Genes that were found in human aortic endothelial cells but not in liver endothelial cells were queried by selecting for HAoEC—Heart—Normal and Specific; and HHSEC—Liver—Normal and Specific. This yielded 1946 genes specific in HAEC but not HLSEC; and 1451 genes specific in HLSEC but not HAEC, with no gene overlap. The lists can be found in Table S7 and Table S8, respectively. http://angiogenes.uni-frankfurt.de/24. Other studies of human endothelial cells included: Microarray study of cultured (mix of commercial and fresh isolate) human aortic, coronary artery, iliac arterial, pulmonary artery, iliac vein, and pulmonary vein ECs, human hepatic artery, hepatic vein ECs GSE43475 (GDS4777)45; and GSE114607 human fetal organs14. Differentially expressed genes comparing heart (coronary + aortic) versus not heart (pulmonary and hepatic artery) and liver (hepatic artery) versus not liver (coronary, aortic and pulmonary artery) were queried for the top 250 DEGs using Geo2R.

Analyses

Heat maps and hierarchical clustering were generated using Morpheus (https://software.broadinstitute.org/morpheus). Graphs were generated in Prism (GraphPad Software, San Diego, CA). Differences between groups were determined by one way ANOVA followed by t test (GraphPad).

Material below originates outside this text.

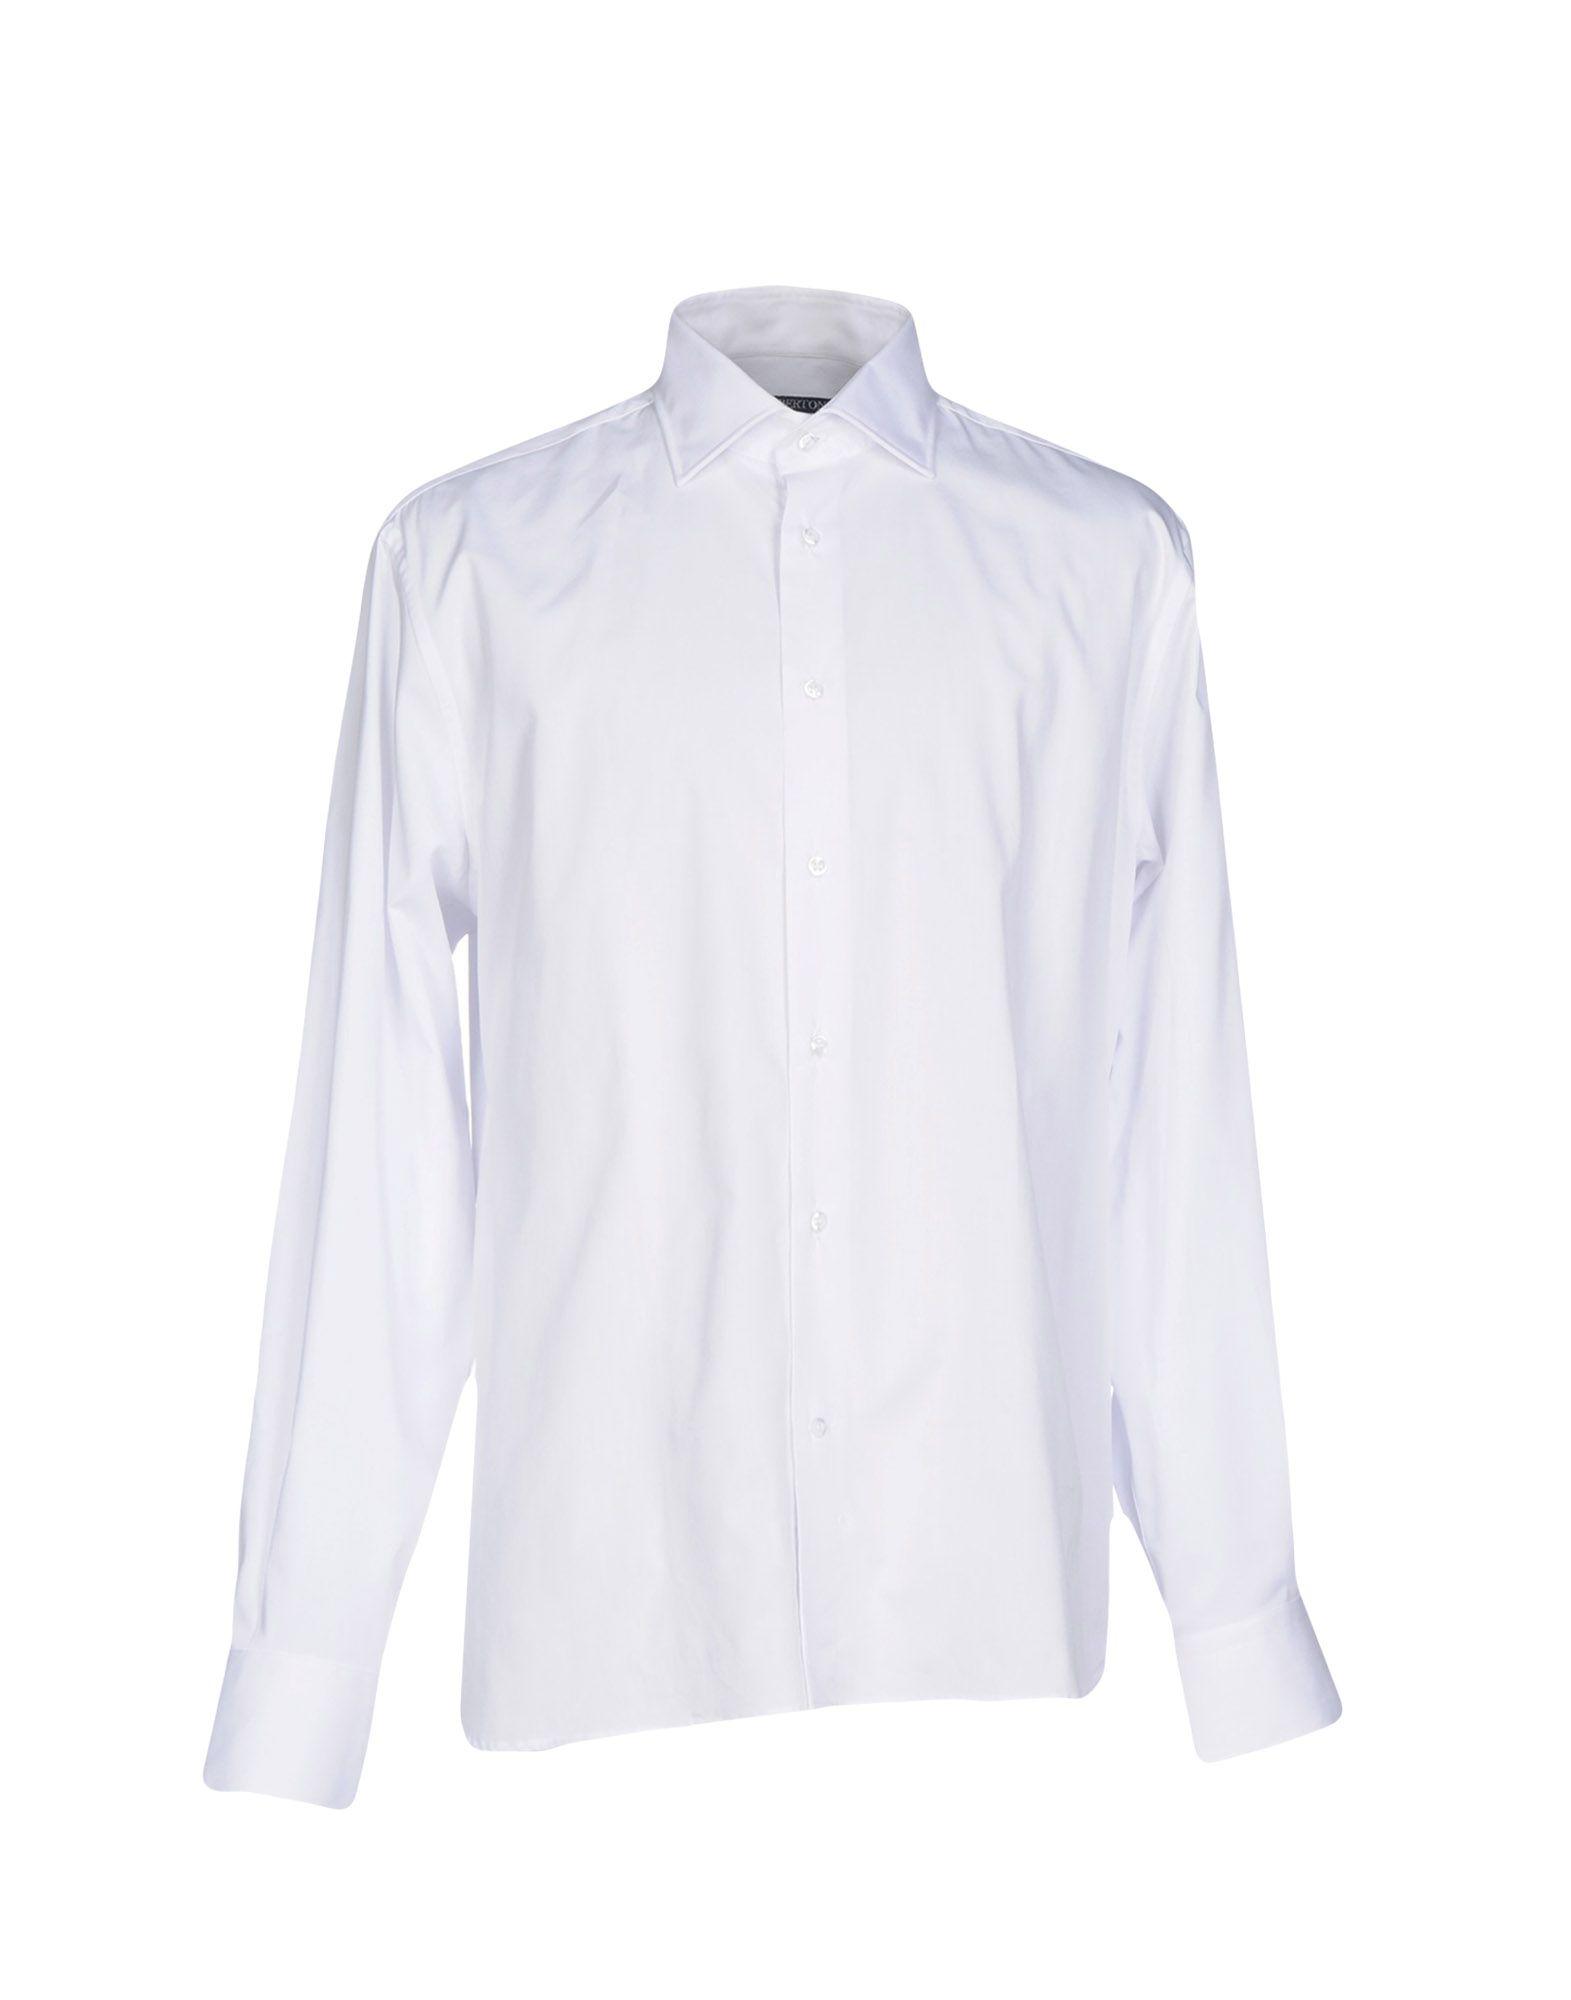 GIAN BERTONE Pубашка gian marco venturi одежда 81g01

Cardiac allograft biopsy microarray data [GSE124897] were back transformed. Probes with standard deviation ≥ 0.5 or within the top 75 percentile mean were selected for further analyses, and the data was divided into training (75%) and test (25%) sets based on the distribution of rejection/normal and rejection type (Table 1). Next, a series of Wilcoxon testing was performed to find genes that are differentially expressed among rejection (y/n), next the p values were adjusted for false discovery rate (fdr), and the top 5000 probes with lowest q-value were selected for weighted gene co-expression network analyses (WGCNA) analyses. Backtransformed data were also analyzed for differences in individual gene expression by one way ANOVA followed by uncorrected Fisher’s LSD t test (GraphPad).